Motherhood
This month’s mom-to-mom post comes from Alison Rothman. Alison is a much loved member of the Boulder, CO community and is the founder of the podcast Embodied and Awake. She is also a body-centered coach and runs women’s wellness retreats through her practice Embody Life. Alison shares her journey through missed expectations, postpartum depression, and single motherhood. We love you, Alison!
I always held a vision of myself pregnant as a goddess. I imagined myself dancing, practicing yoga, sitting peacefully with myself and my growing body, owning my pregnant belly and feeling amazing on the whole. I also thought, with all of my being, that I would naturally drop into being a mother. I would be instantaneously and blissfully connected to my baby, nursing for years because I just loved it so much, popping my baby in a carrier and continuing on with life…overall loving the entire process beginning from conception.
Yet, what unfolded was anything but that.
I am a longtime yogini; a dancer and mover. I meditate. I have done an unbelievable amount of personal growth work, and my professional world is wrapped up in the world of embodiment. I could never in my life have imagined how I would feel pregnant, during childbirth, and in my postpartum years. I also never ever would have fathomed that I would become a single mother when my son turned 1.
Here is a snippet of my story:
My tiny baby was born after 9 plus months of constantly feeling like I was going to vomit, a tremendous weight gain due to the massive amount of bread I was eating in attempt to subside the nausea, the blatant realization that my new marriage was ridden with abuse and dysfunction, and the struggle of my internal battle with some deeply ingrained and residual patterns of a lifetime of an eating disorder. When labor began, a switch went off and some unresolved sexual trauma revealed itself. As I worked at opening, my body revolted and panicked out of survival and the recapitulation of cellular memory from decades ago.
By the time my tiny baby was born I was exhausted beyond belief, completely traumatized, and disconnected. All that I wanted to do was crawl into bed and sleep for a week.
My tiny baby was a mere and unexpected 5 pounds 8 ounces, couldn’t latch on, didn’t sleep, and cried A LOT. I was huge, depressed, and distant. I did not feel a connection to this tiny screaming being and my abusive husband was of no support.
Fast forward one year. I was now fully in an abusive and dysfunctional marriage, desperate for sleep, exhausted, under-resourced, and not enjoying motherhood. I was going through the motions yet knew that I needed to show up for my baby.

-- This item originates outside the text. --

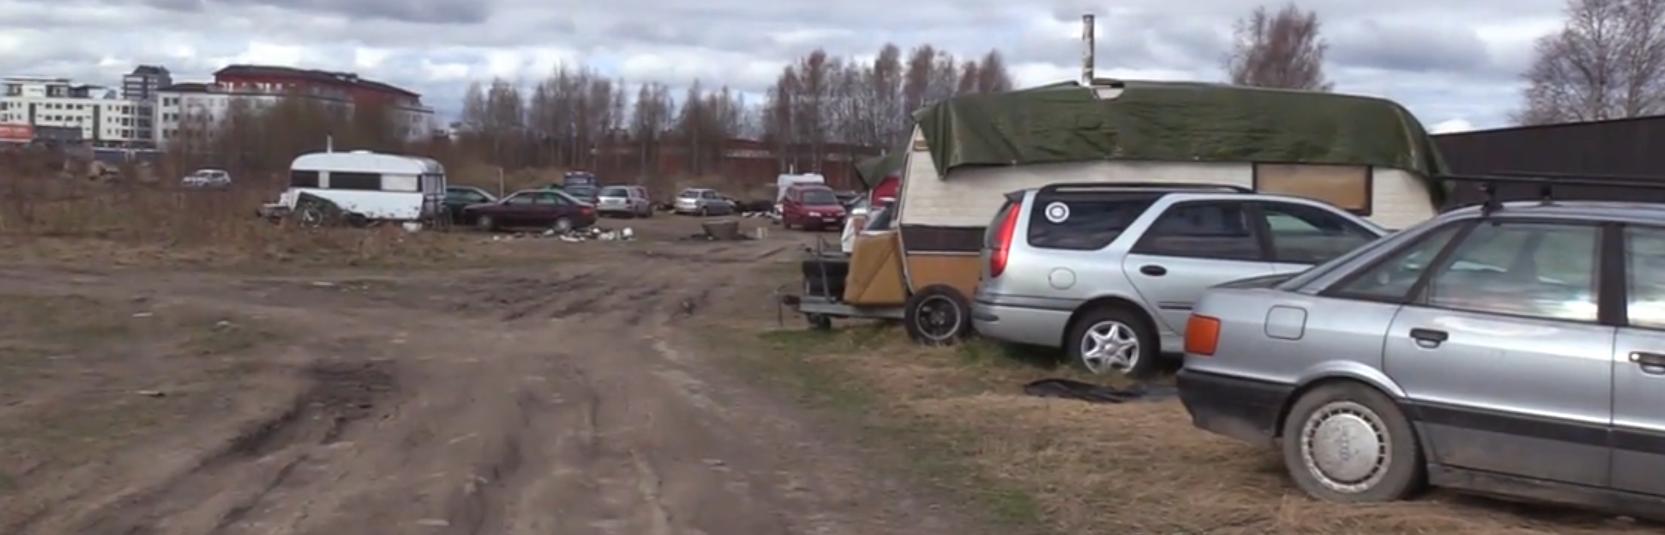 EU-migranternas bosättning i Gävle
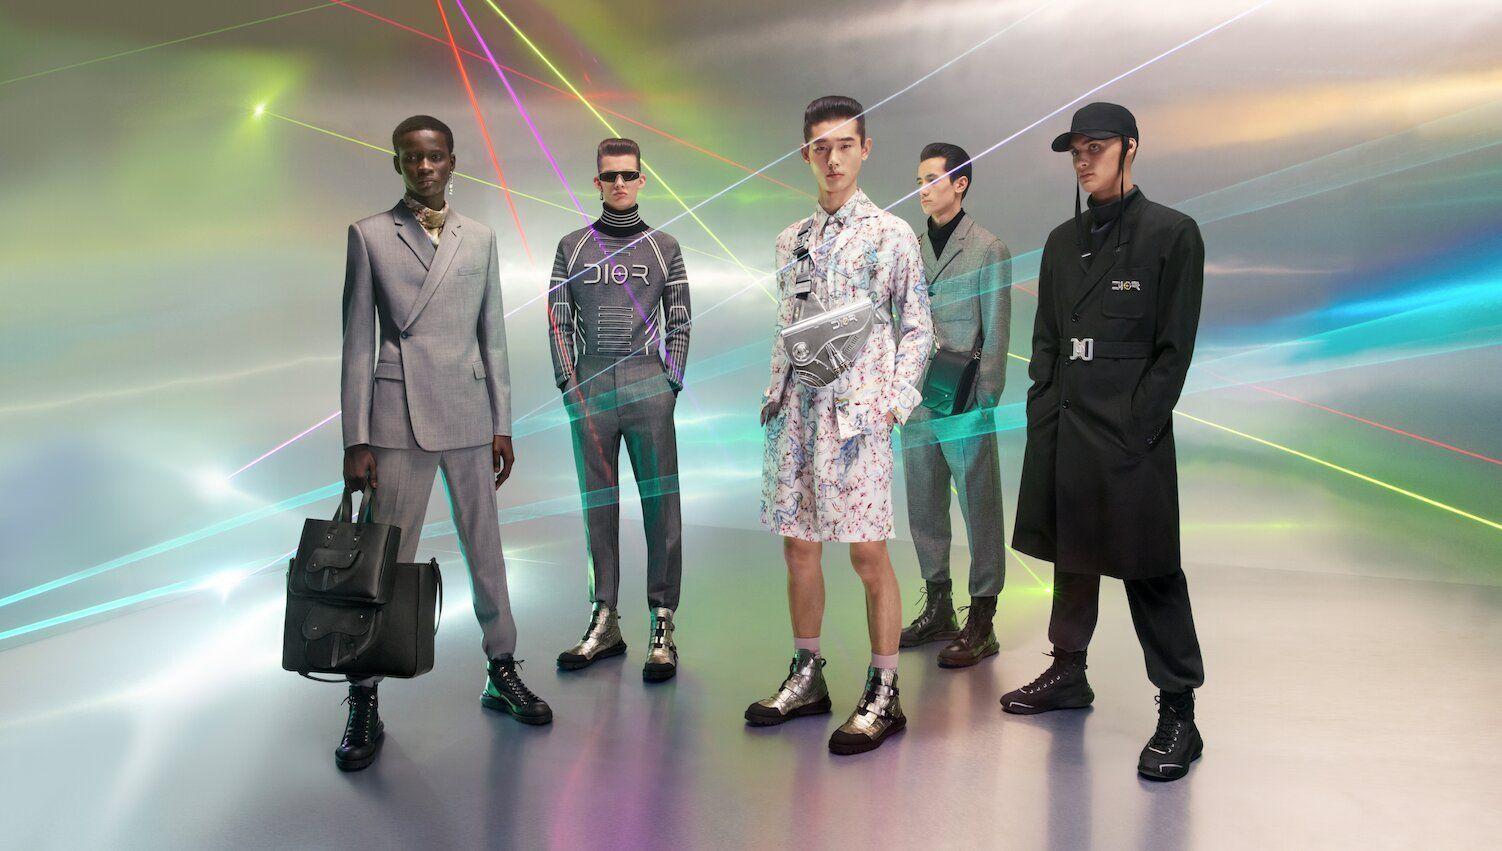 La gran obsesión de los diseñadores en 2019 es el futuro

Then I became a single mother. My son was 18 months old. In many ways this was a relief to be free from this daily abuse in my home, yet, as I am sure you can imagine, this turn of events took overwhelm to a whole new level.
The way that motherhood began for me shaped these many years since and I am certain will always live in me and my son.
My son and I hold a bond like no other, yet, it has not been an easy ride and has taken time. We have navigated some terrain that I would never wish upon any mother. However, these many years have been foundational in who we are both as individuals and as a team. I am truly grateful for them all, as painful, scary, unearthing, humbling, and grief laden as they have been.
There is an overarching societal belief that when you give birth to a child you instantly become blissed out and deeply connected to your baby. For me, that couldn’t have been further from the truth.
It has been an arduous and lonely road stepping into mommy-hood with this being beginning from conception.
My boy is now 11 and I feel as though we have landed in our sweet spot. We have found our way into that bond that we missed when he was a baby. Our hearts beat together and our systems have settled in unison. As he reaches towards more independence in the world, he simultaneously is stepping closer to me and I to him.
We have navigated over 10 years alone together and have a bond like no other. We have grown together, laughed together, cried together, screamed together in anger and in joy. We have learned the art of relationship and the power of repair. We have held each other in the darkness and celebrated the light. We are an invincible team.
Trauma, post-partum depression, and the effects of abusive relationships can have tremendous impact on the ability to bond with ones child.
Mothers need support, to be held in whatever state they are in after birth. They need compassion and community. They need love and acceptance. I felt such shame that I couldn’t bond with my son – such failure as a woman and a mother that I couldn’t nurse my baby, comfort my baby, hold my baby with ease. I felt so much angst in myself at the unacceptable feelings that I was having about my new role as Mommy.
The struggle is real for so many women. May we look out for our women, for those that are becoming mothers, those that are in the thick of motherhood and reach out without judgment. May we remember the massiveness of this “job” and honor it in all of its flavors. May we approach the women and mothers around us with reverence and kindness – knowing in our hearts that no matter what one’s outer situation is we have no idea what is going on inside of them.
May we hold the space for others to step out of the shame and into empowerment of their life situations and circumstances. And may we remember that we are never truly alone, even in those times when it feels the most lonely.